Poster Presentation 2-26
Biopolymer-Patterned Nanoparticle Deposition
S. A. Hutchens,3 H. M. O’Neill,1,2* B. R.
Evans,2 J. Y. Howe4 and M.Z. Martin5
1Department of Biochemistry &
Molecular & Cellular Biology
2Chemical Sciences Division
Phone: (865)574-5004
Fax:
(865)574-1275
E-mail: oneillhm@ornl.gov
3Department of Biomedical Engineering,
4Metals and Ceramics Division,
5Environmental Sciences Division,
Spatial constraints, high localized concentrations, targeted
catalysis, and specific crystallization initiation sites are key determining
factors in the formation of natural biominerals such
as bone, shell, phytoliths, and diatomaceous
silica. To successfully carry out biomimetic formation of nanopatterned
minerals and metals, these properties must be replicated under controlled
conditions. The biopolymer cellulose,
particularly in the sponge-like hydrophilic form produced by Gluconoacetobacter
spp., provides a suitable matrix for the
nucleation and deposition of a number of minerals and metals that are of
interest for technological applications.
The cellulose itself possesses hydroxyl and aldehyde
groups that can modulate and initiate particulate formation.
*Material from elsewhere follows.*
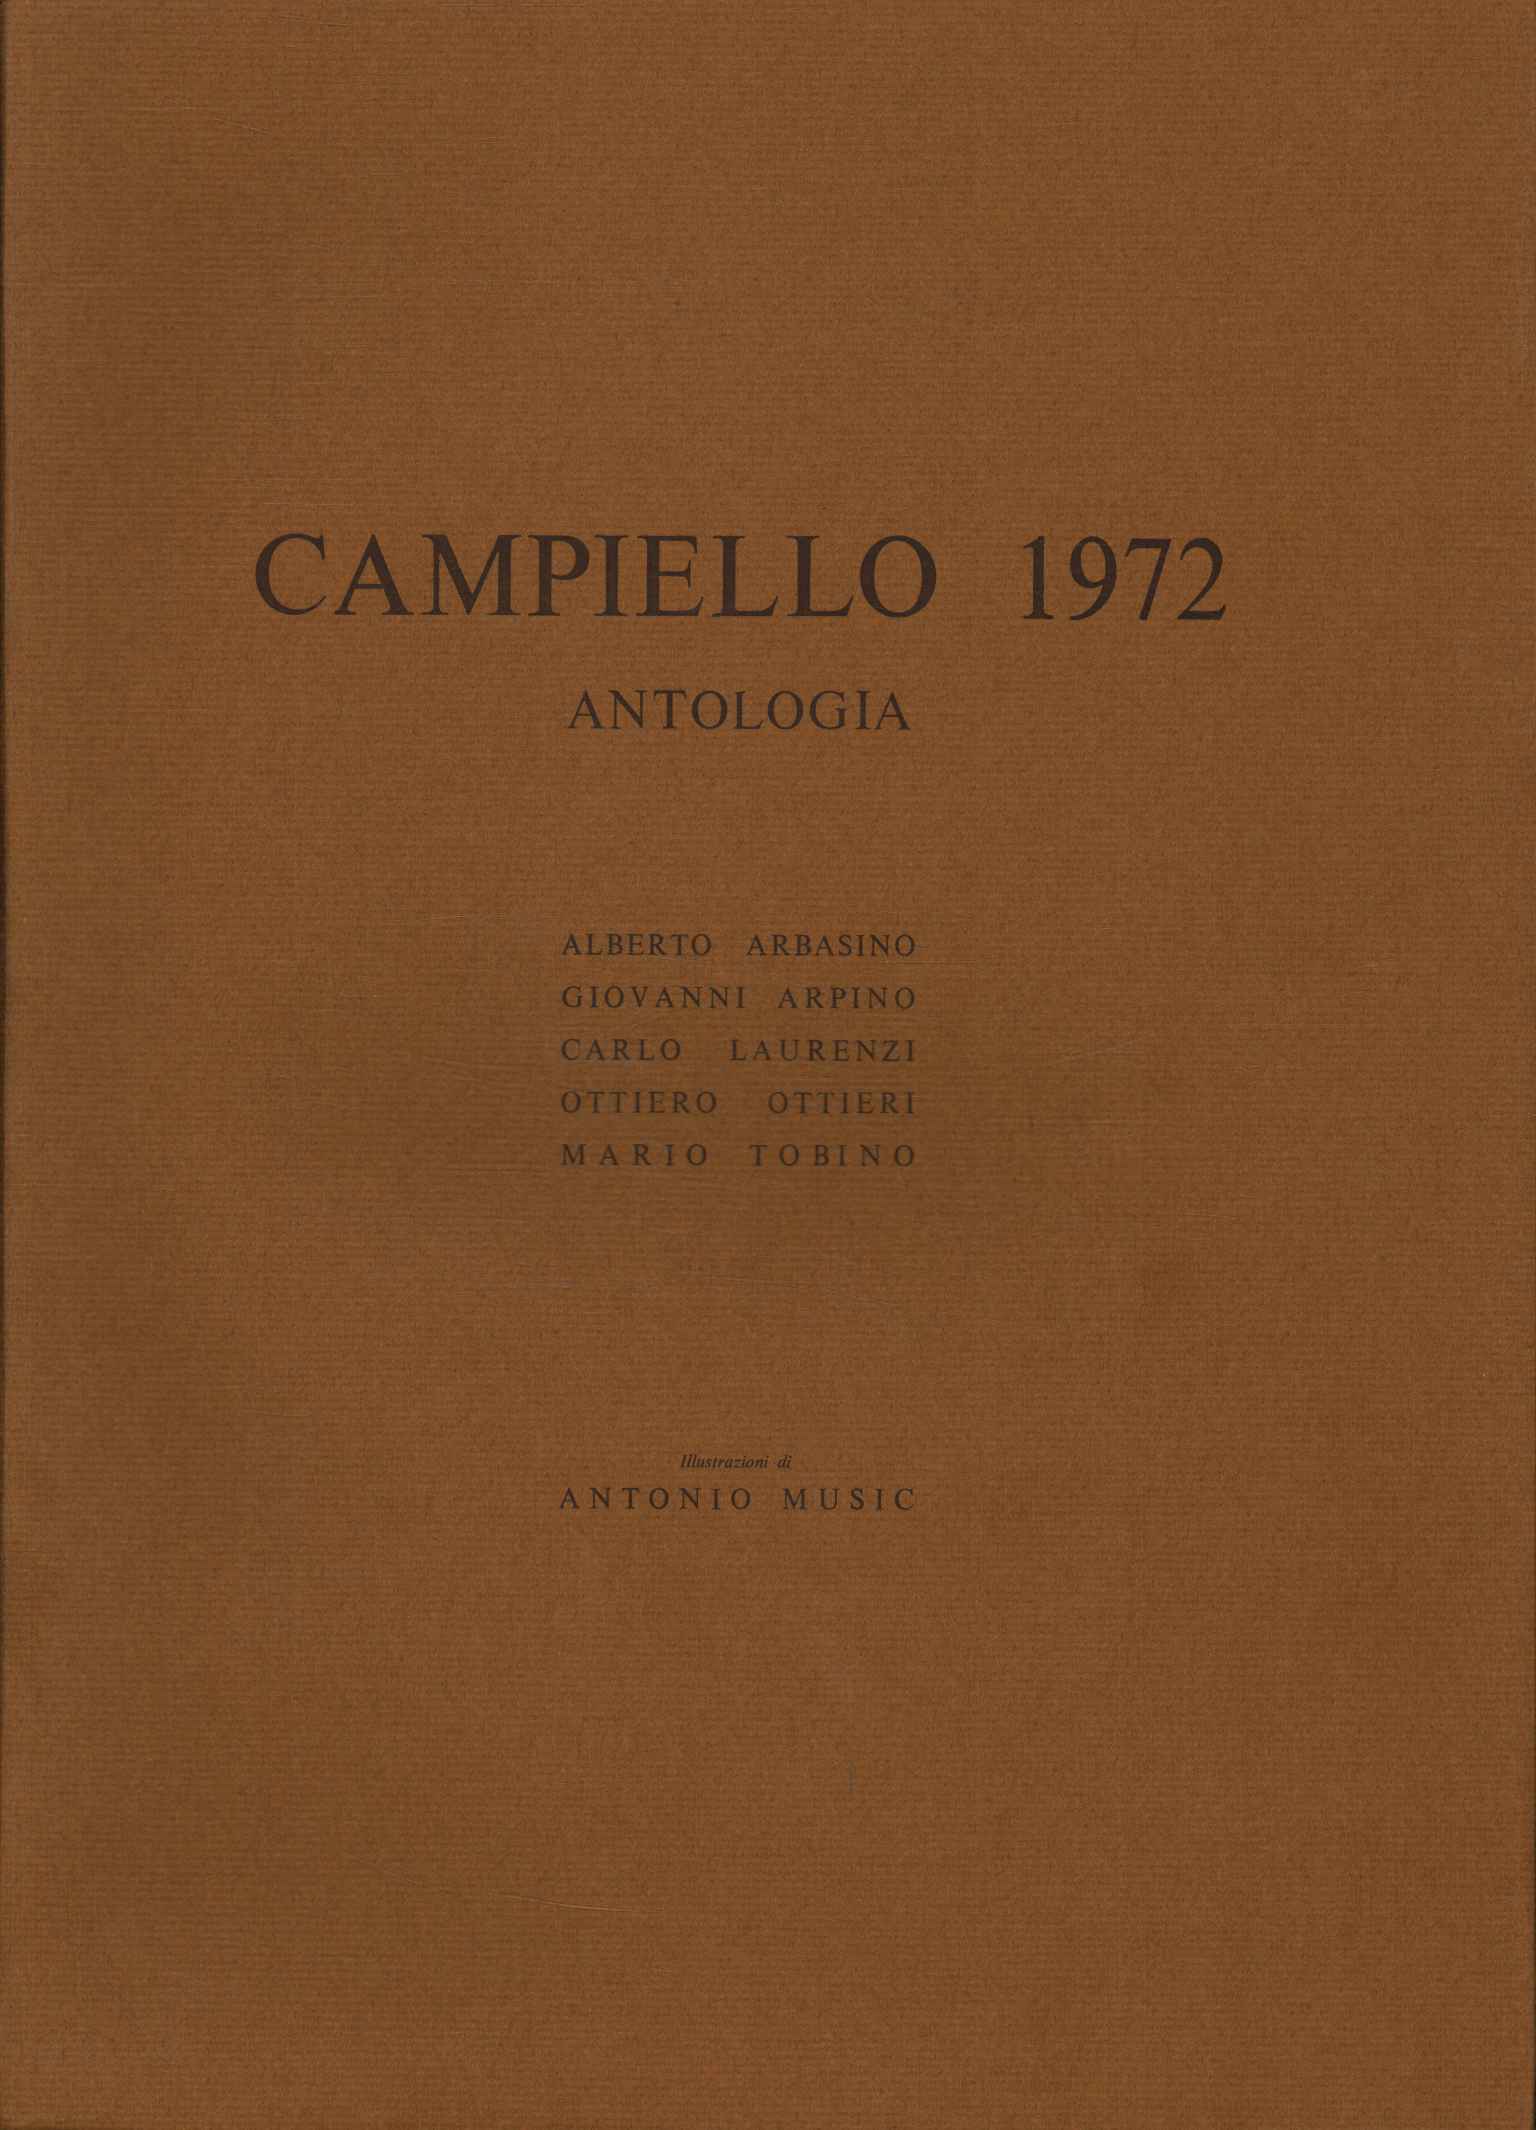 Anthologie von Campiello 1972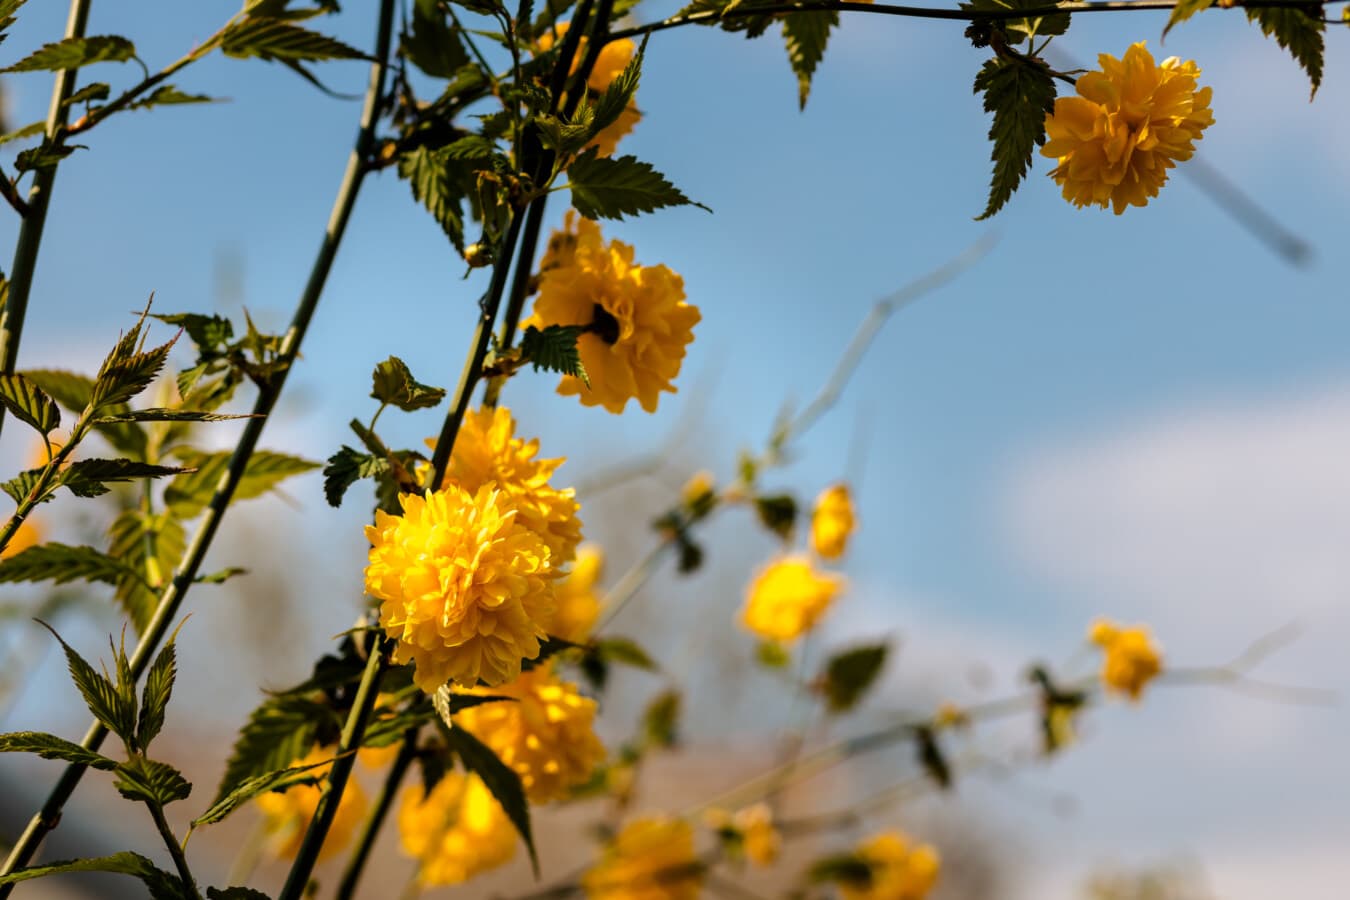 flores, amarelo alaranjado, brilhante, flor em botão, folha, folhas, planta, árvore, sol, temporada

Several types of
catalytic groups can be incorporated into the polymer backbone to enable
targeted deposition of specific materials. Serial infusions of soluble
precursors and reactants are easily carried out. Bacterial culture conditions modulate the
size, shape, porosity, and thickness of the cellulose matrix used for biopatterned deposition. The size and composition of metal
and ceramic particles formed within the cellulose matrix can be readily
determined by tunneling electron microscopy (TEM), infrared spectroscopy (IR),
laser-induced breakdown spectroscopy (LIBS), and X-ray diffraction. Specific examples include deposition of
crystalline palladium nanoparticles and formation of
pure calcium deficient hydroxyapatite.